'''
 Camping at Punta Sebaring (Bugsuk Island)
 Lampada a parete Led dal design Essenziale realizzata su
'''
'''
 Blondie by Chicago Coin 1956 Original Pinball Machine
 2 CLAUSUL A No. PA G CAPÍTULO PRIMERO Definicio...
'''
= Exercise =
Exact duplication is required for the lines above, from the line that contains "Blondie by Chicago" to the line that contains "2 CLAUSUL A", inclusive; omit all others.

= Output for this task =
 Blondie by Chicago Coin 1956 Original Pinball Machine
 2 CLAUSUL A No. PA G CAPÍTULO PRIMERO Definicio...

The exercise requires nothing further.